TASK OBJECTIVE:
What you return should be the complete listing, unchanged, with no pictures in it.
Segment Start: INFORMATION SUPPLIED
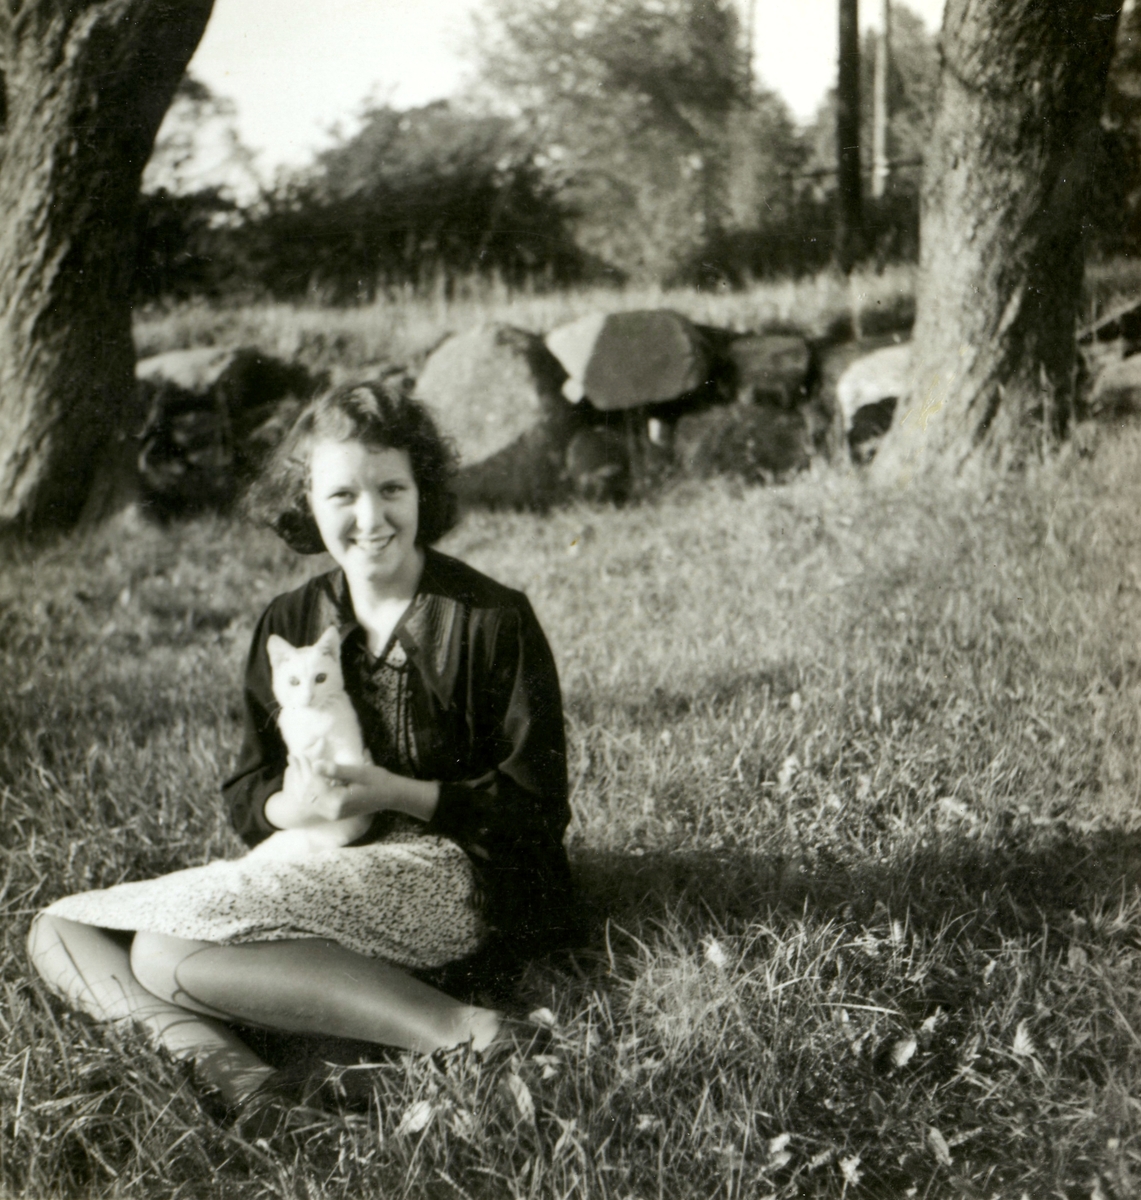 Ingrid Andersson (1918 - 2001, gift Skansing) sitter på gräsmattan hållandes en vit kattunge, Livered 1:15 "Majas" okänt årtal. I bakgrunden ses en gärdesgård.
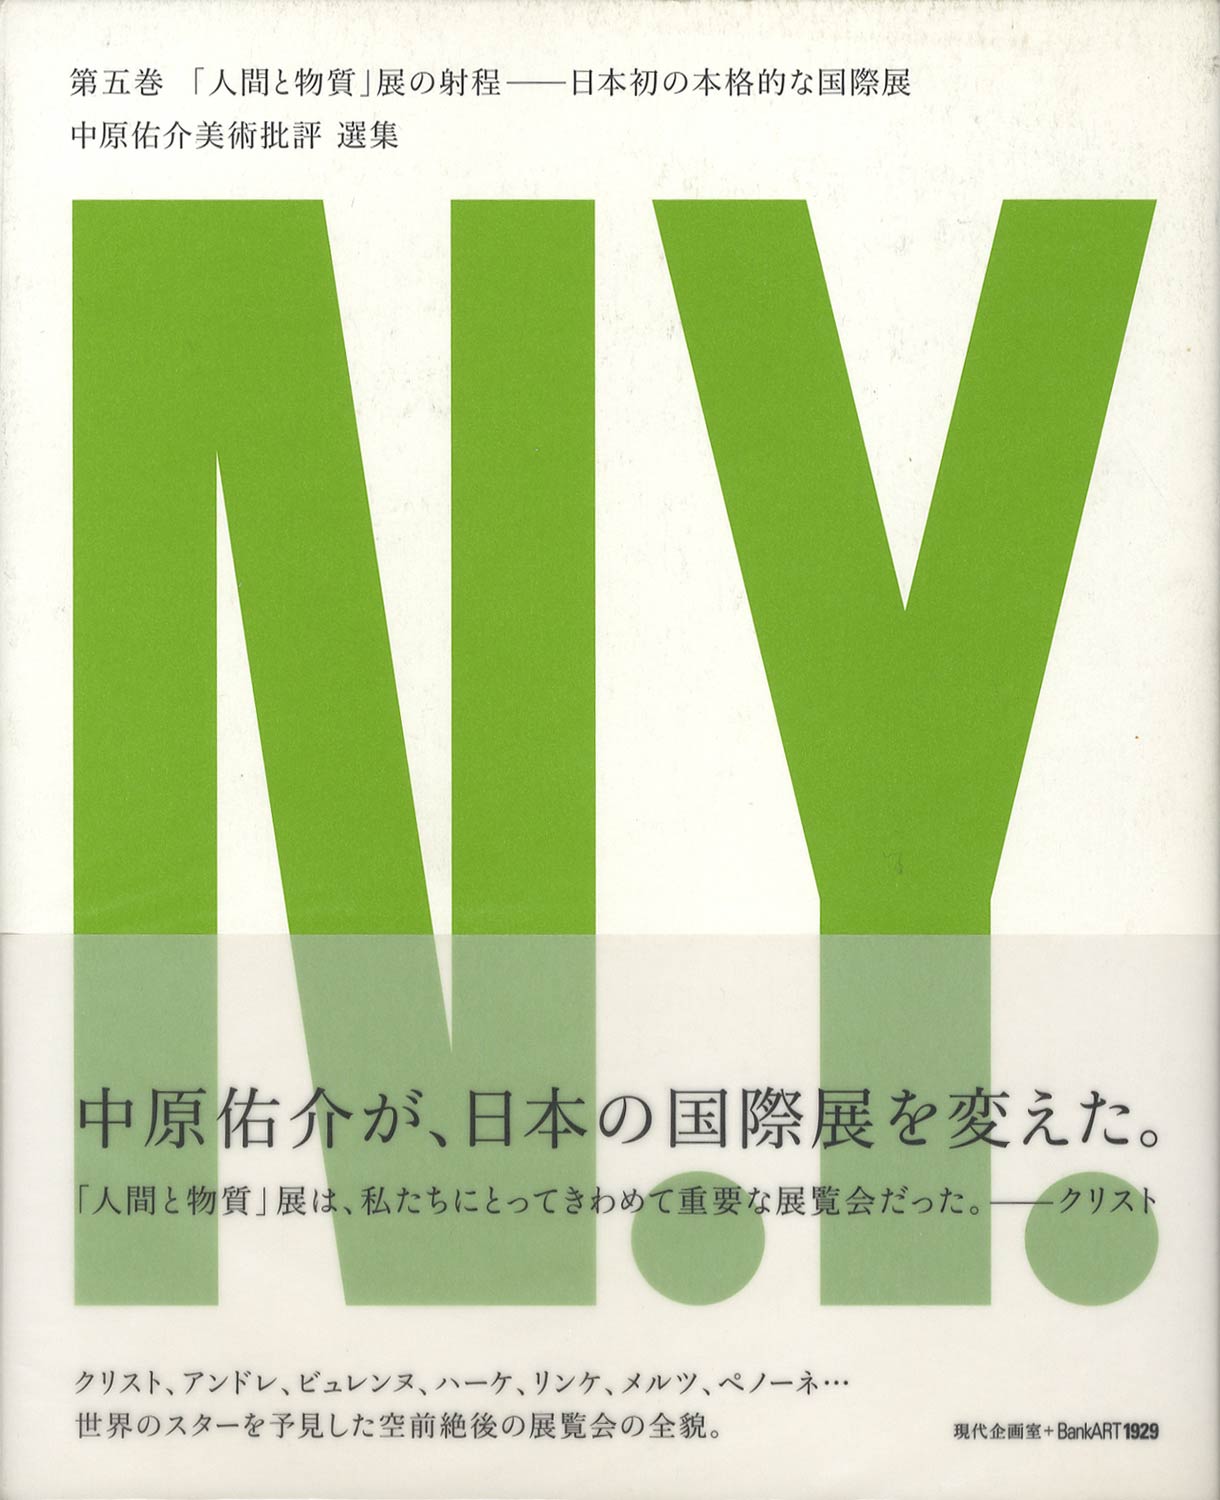 「人間と物質」展の射程──日本初の本格的な国際展　中原佑介美術批評 選集 第五巻
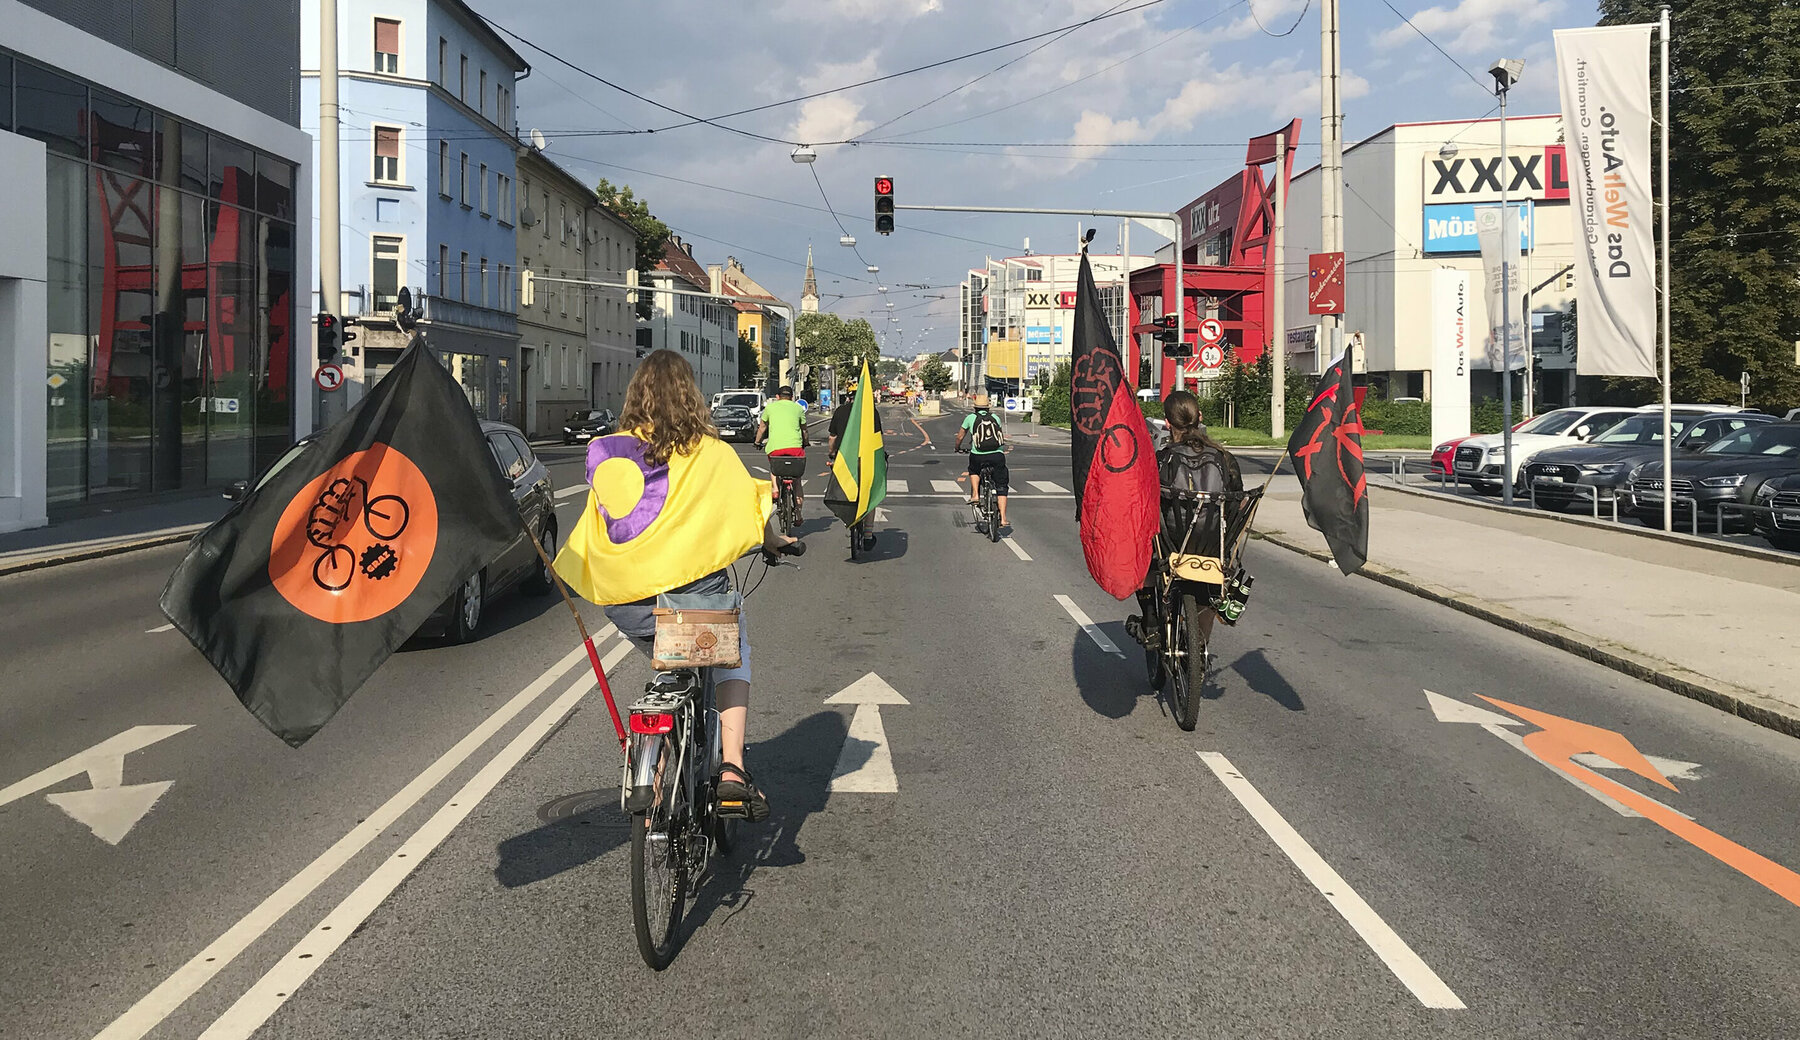 Teilnehmerinnen des Critical Mass fahren mit ihren Fahrrädern auf der Straße. Sie sind dabei mit Flaggen geschmückt und nehmen die gesamte Straße ein.
Segment End: INFORMATION SUPPLIED
RESPONSE TO THE TASK:
 Ingrid Andersson (1918 - 2001, gift Skansing) sitter på gräsmattan hållandes en vit kattunge, Livered 1:15 "Majas" okänt årtal. I bakgrunden ses en gärdesgård.
 「人間と物質」展の射程──日本初の本格的な国際展　中原佑介美術批評 選集 第五巻
 Teilnehmerinnen des Critical Mass fahren mit ihren Fahrrädern auf der Straße. Sie sind dabei mit Flaggen geschmückt und nehmen die gesamte Straße ein.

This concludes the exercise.